Составитель сборников стихов в 1960-м, в 1968 году, составляя уже документальные свидетельства для «Полдня» и для «Хроники», Наталья Горбаневская искала язык, который позволил бы читателю эмоционально переживать вроде бы безоценочно поданный материал:
«Так я говорю, что текст записи суда — это готовая радиопьеса. <…> Никого не видно, только голоса. Потому что голоса, мне кажется, здесь важнее»11 .

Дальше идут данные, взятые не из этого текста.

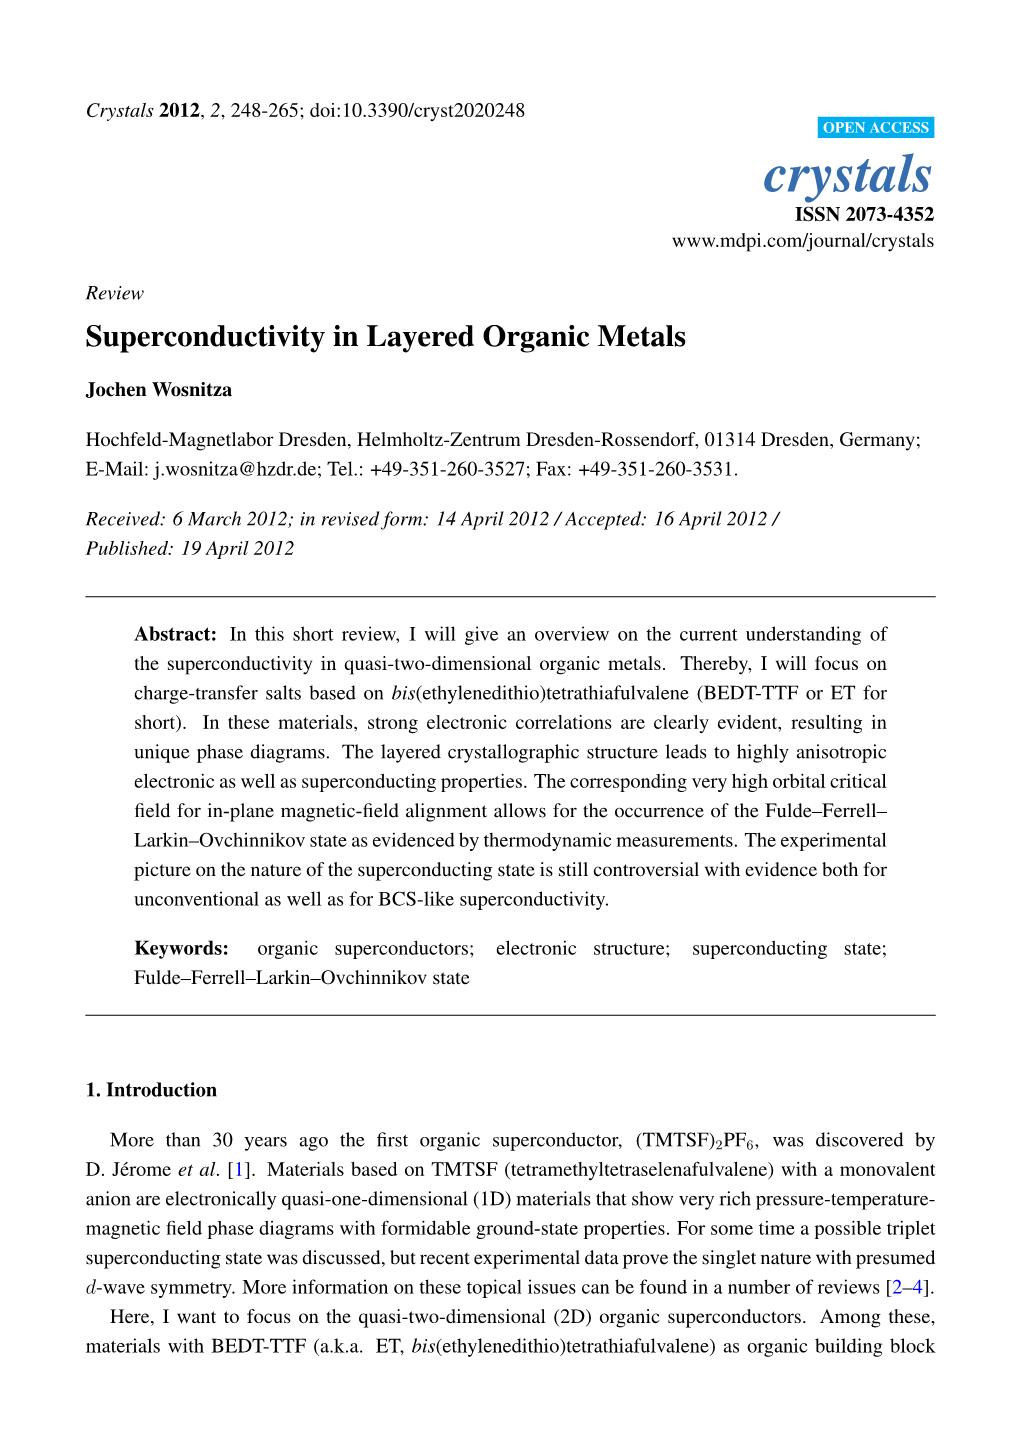 Superconductivity in Layered Organic Metals
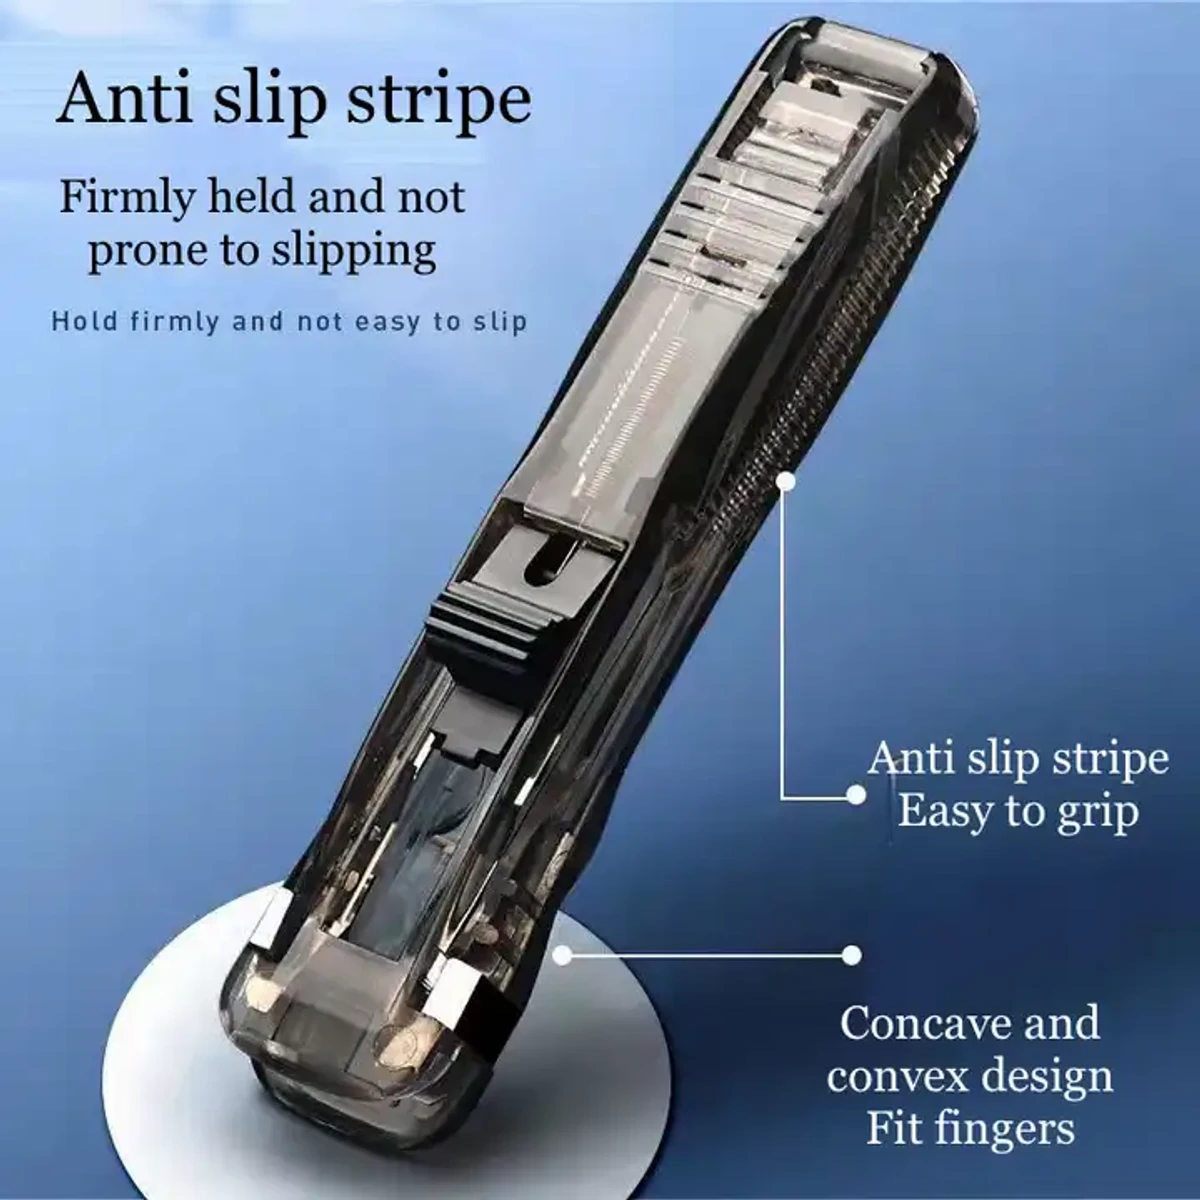 File Paper Clip Tool Stapler

Вот эти голоса отчасти звучат уже в ее письме к Владимиру Ашкенази — но лишь там, где речь идет о деле Бродского, за которым Наталья Горбаневская, видимо, очень следила. В том же абзаце, где она описывает «выставку такелажников», ей, судя по этой детали, менее известной, дважды появляется слово «власти» — обратим внимание на эту деталь, на эту привычку обобщенно-отчужденного отношения к инстанциям, постепенно вытесняемую оптикой журналиста и литератора, стремящегося произвести на своего читателя действительно сильное впечатление.
Защищать Бродского взялись старшие: люди, имевшие уже уважаемый в советских институциях статус. Сверстники Бродского, Гинзбурга и Горбаневской, «молодые литераторы Ленинграда», написали и подписали письмо в комиссию по работе с молодыми авторами ленинградского отделения Союза писателей. Они, как и Бродский, были ленинградцы, они, как и Бродский, были молодые писатели — Гинзбургу и Горбаневской в этой защите как бы не было места: роль хронографа еще не обнаружилась, не была увидена как важная. У записи суда над Бродским, сделанной Вигдоровой, было два адресата — и трудно сказать, какой ей был важнее, но предположим, что все же первый: чиновники, от которых зависел пересмотр дела, и знакомые, которым она давала запись. Но все-таки уже не знакомые знакомых: на неконтролируемое распространение ее записи она не рассчитывала, а когда обнаружила его, оно ее испугало — это могло помешать пересмотру дела Бродского. Но именно Гинзбург, таково предположение Вл. Орлова, передал справку о деле Бродского за границу — с тем же Полом Секлоча, с которым через месяц не смог передать письмо Горбаневской. И тем самым сделал задачу информирования о неправом суде не менее, а может быть, и более важной, чем саму задачу защиты.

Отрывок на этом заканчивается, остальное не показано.